41~ Petite balade en forêt

— Tu nous amènes où ?

Nous ne marchons pas depuis longtemps, il n'empêche que je commence à perdre patience.
La silhouette du prince se découpe de la pénombre devant moi, dans la lumière ténue de sa lampe torche. Il est si proche... pourquoi je ne peux pas avoir mes explications maintenant ?

— Tu vas voir je t'ai dit ! répète-t-il en écartant une branche du passage. Fais-moi confiance, on est bientôt arrivés.

Pff, depuis quand doit-on parler de confiance ? C'est pas comme ça que ça marche.

Ma main dessine une énième fois l'embout du poignard d'entraînement que je porte à la ceinture. Je crois que je connais sa forme par cœur désormais.

Ce geste machinal me rassure.
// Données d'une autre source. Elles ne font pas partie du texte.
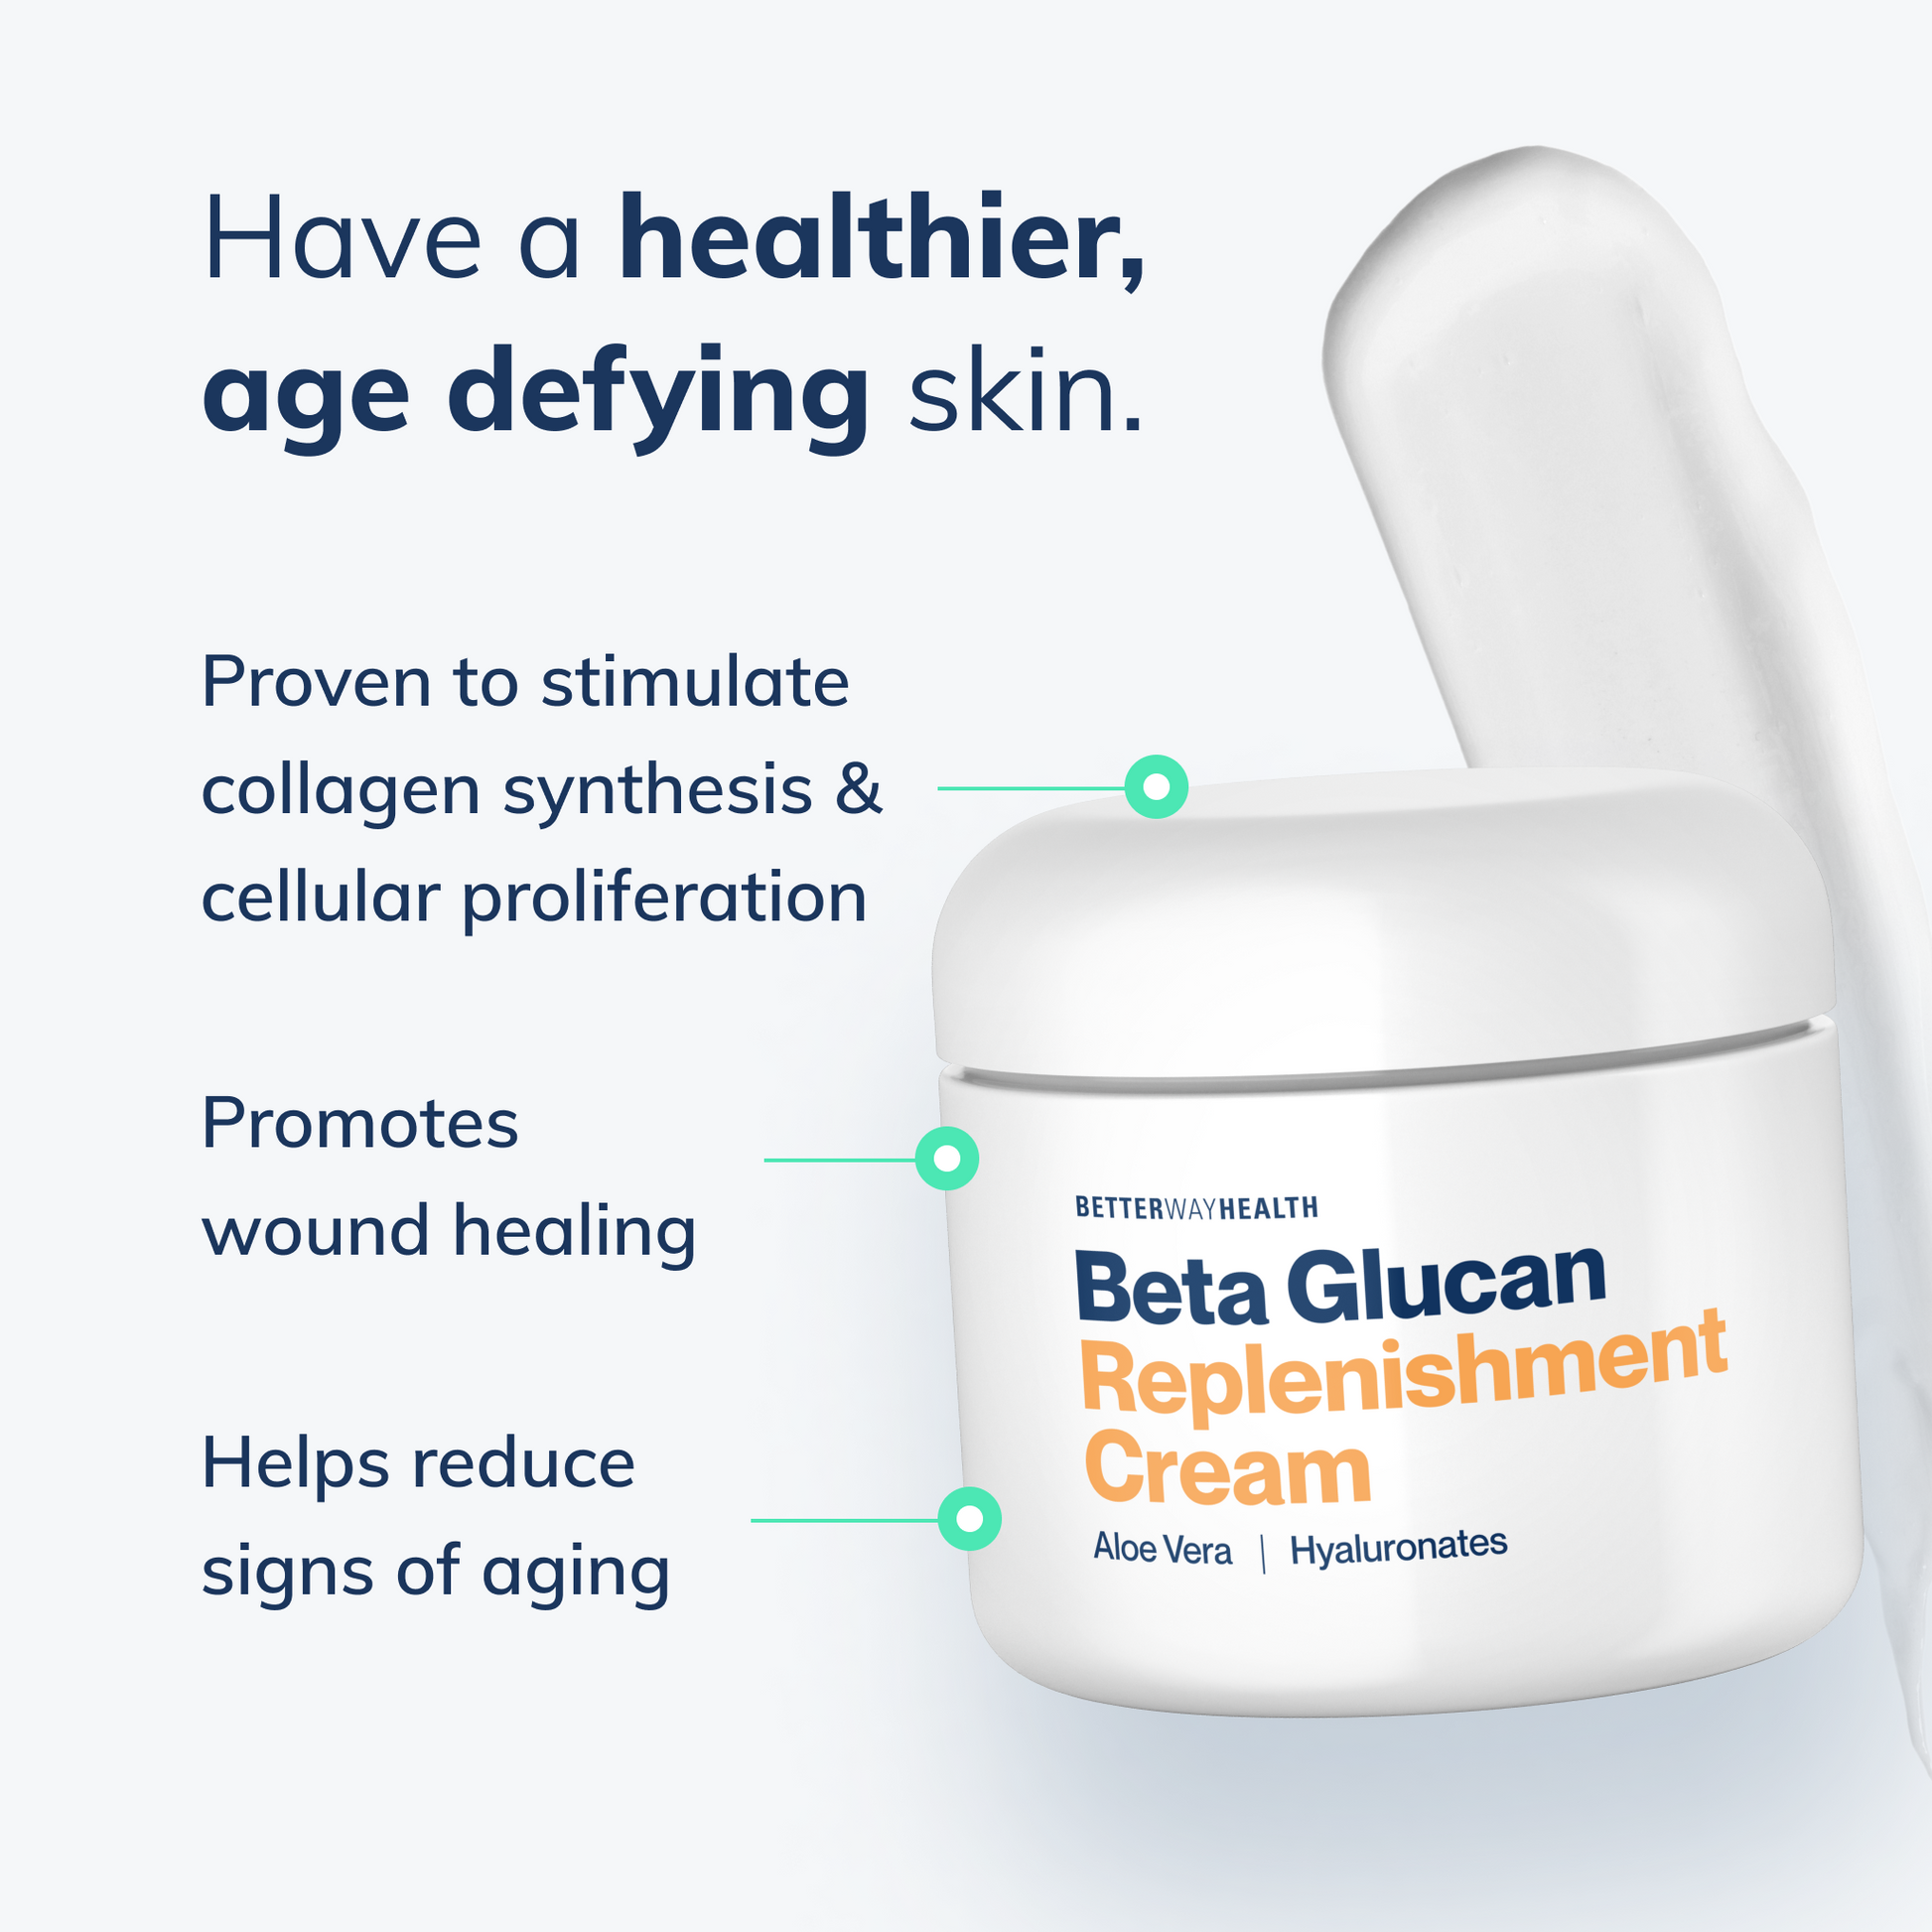 infographic of the benefits of beta glucan skin cream

Au moins suis-je armée.

— Ça t'arrive souvent d'emmener des filles dans les bois en pleine nuit ? demandé-je en levant les yeux vers la lune cachée par les feuillages.

Je l'entends pouffer un peu en avant.

— Vas pas dire que c'est moi qui ai insisté pour que tu me suive. Tu peux toujours rentrer si tu v...
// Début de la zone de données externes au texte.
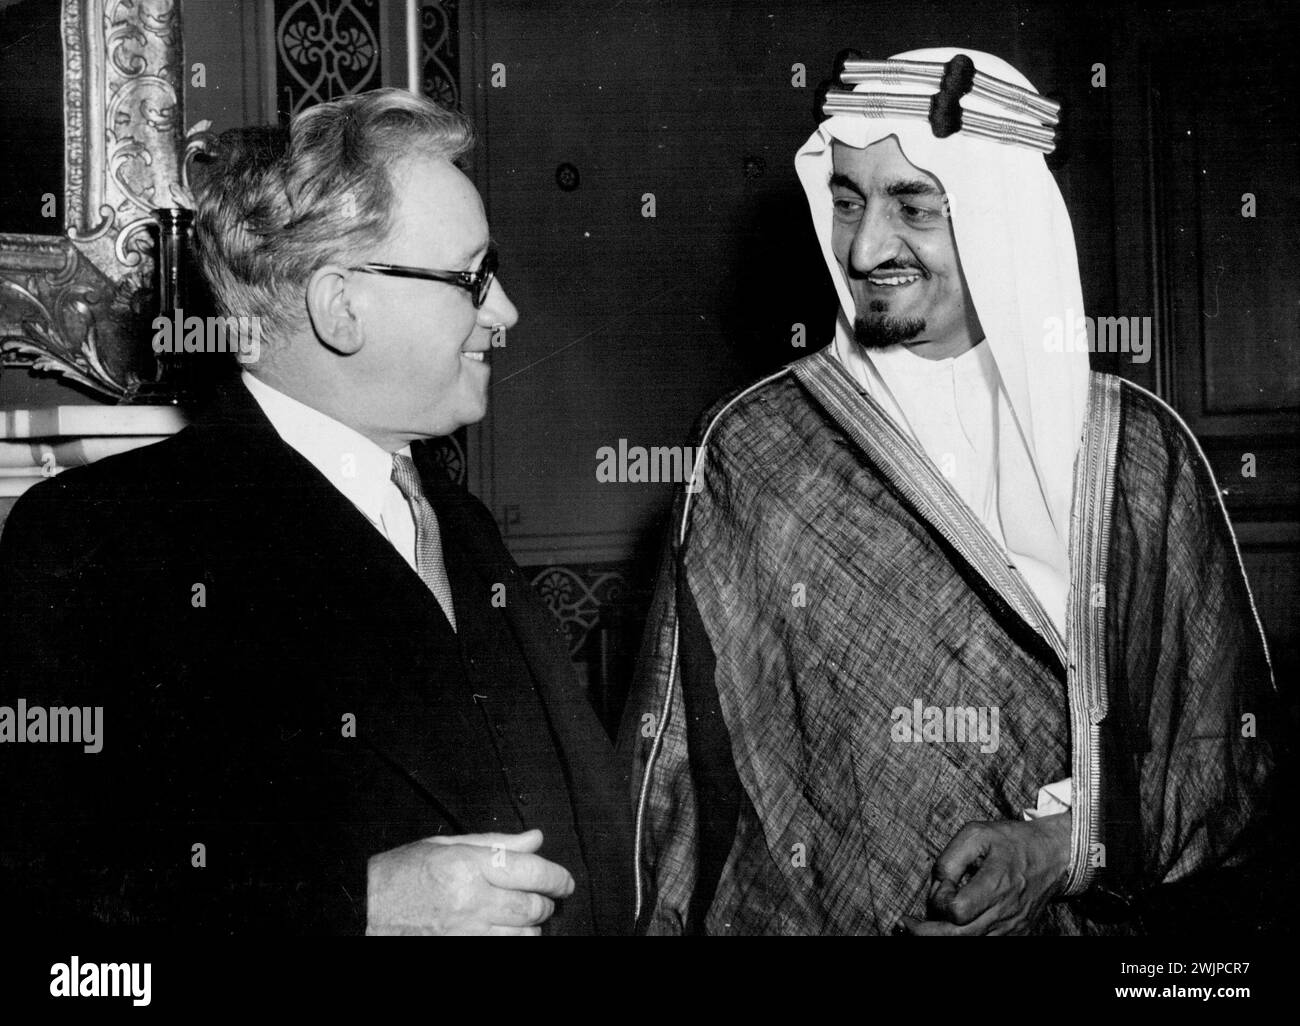 King Faisal Aziz - King of Saudi Arabia - Foreign Royalty. September 13, 1951. Stock Photo

— Je ne savais pas que le parc était aussi long, le coupé-je sans l'avoir écouté.

Il rit encore, ses épaules frémissent dans le noir.

— On est bientôt arrivés j'ai dit. Un peu de patience !
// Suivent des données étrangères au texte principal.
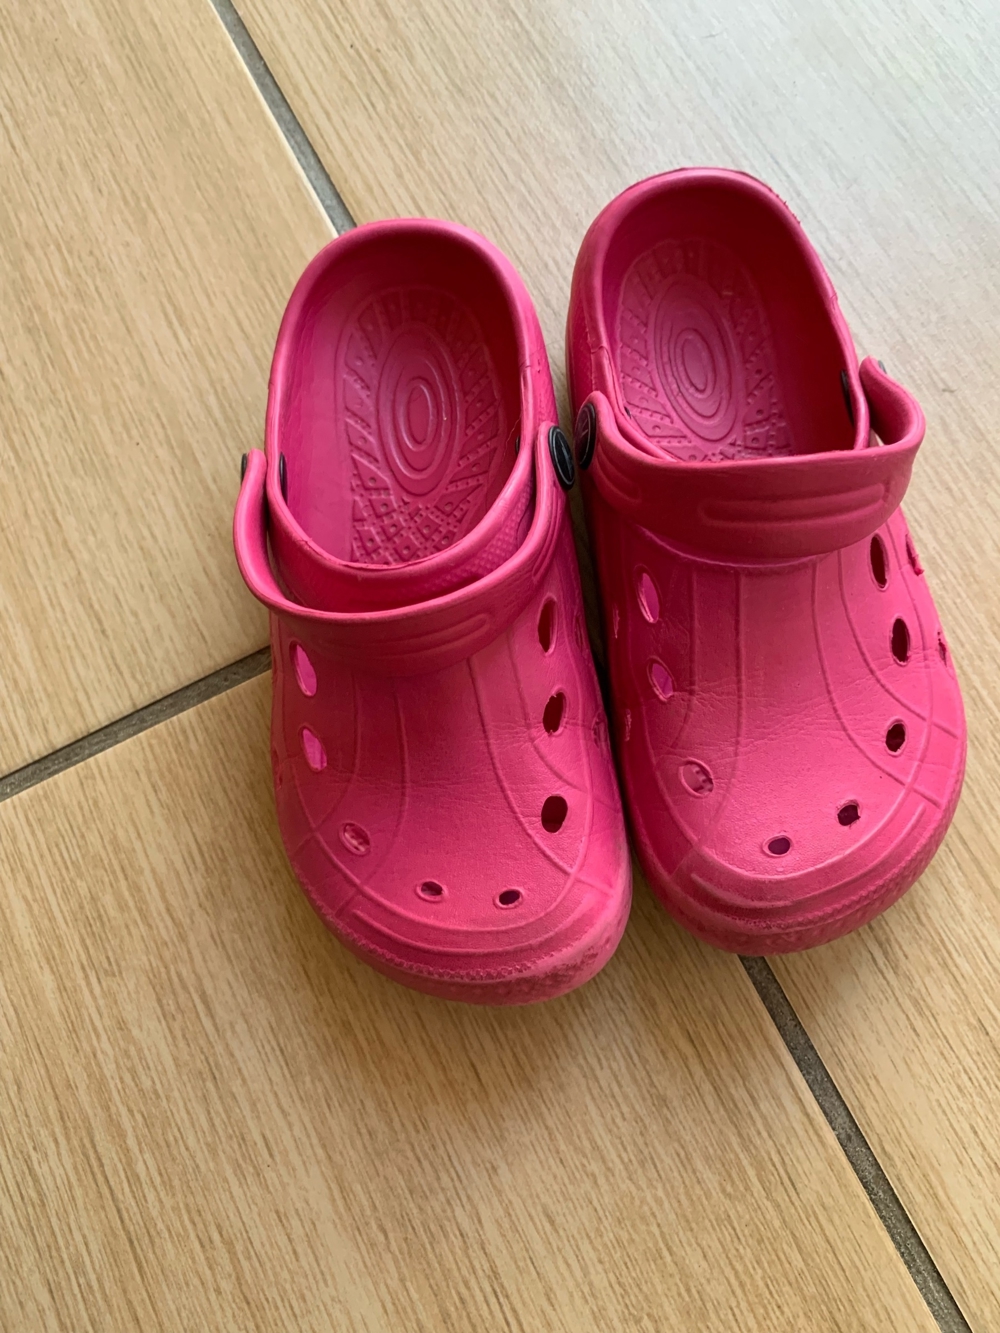 Schuhe Mädchen 29 Pink

Je décide donc de me taire, concentrant mon attention sur les froissements des feuilles sous nos pas. Je guette, rien ne doit me prendre par surprise.

Je suis toujours en alerte quand nous arrivons au grillage qui entoure la propriété. La lumière de la lune fait briller son maillage métallique. Et comme nous ne nous arrêtons pas, je comprends que c'est vers lui que les deux hommes me mènent.

Je crispe la main sur le pommeau de mon arme.
À quoi ça rime ?

Eliam s'avance encore, et ce n'est qu'en étant suffisamment proche de lui que je me rends compte qu'il y a un trou dans la clôture.

Je m'arrête net, le détaillant avec effarement.

N'importe qui peut entrer ou sortir du Palais par là ! C'est hyper dangereux !

— Fais pas cette tête, on dirait que t'as vu un assassin, ricane Eliam en remarquant mon effroi. On n'est que deux à connaître ce passage, il n'y a rien à craindre.

— C'est pas prêt de me rassurer, marmonné-je en me tournant vers lui.

Il sourit encore, amusé. Et une bouffée de colère enfle dans ma poitrine devant cette réaction ridicule.
Va-t-il prendre quelque chose au sérieux un jour ?

— Tu te rends compte du risque que tu nous fait courir avec ça ? m'indigné-je. Il faut le signaler !

— Non attends ! s'exclame le garçon en levant la main vers moi, comme pour me retenir. C'est que... fait-il en baissant le ton de sa voix. Laisse-moi juste te montrer. On verra après.

Et j'ai beau m'ordonner de ne pas me laisser avoir, son regard peiné finit par avoir raison de moi.

Oh et puis merde, j'ai envie de voir ce qu'il veut me montrer ! La curiosité me tiraille. Pas que le Palais soit désagréable, mais le quitter est alléchant. Et puis avec Eliam...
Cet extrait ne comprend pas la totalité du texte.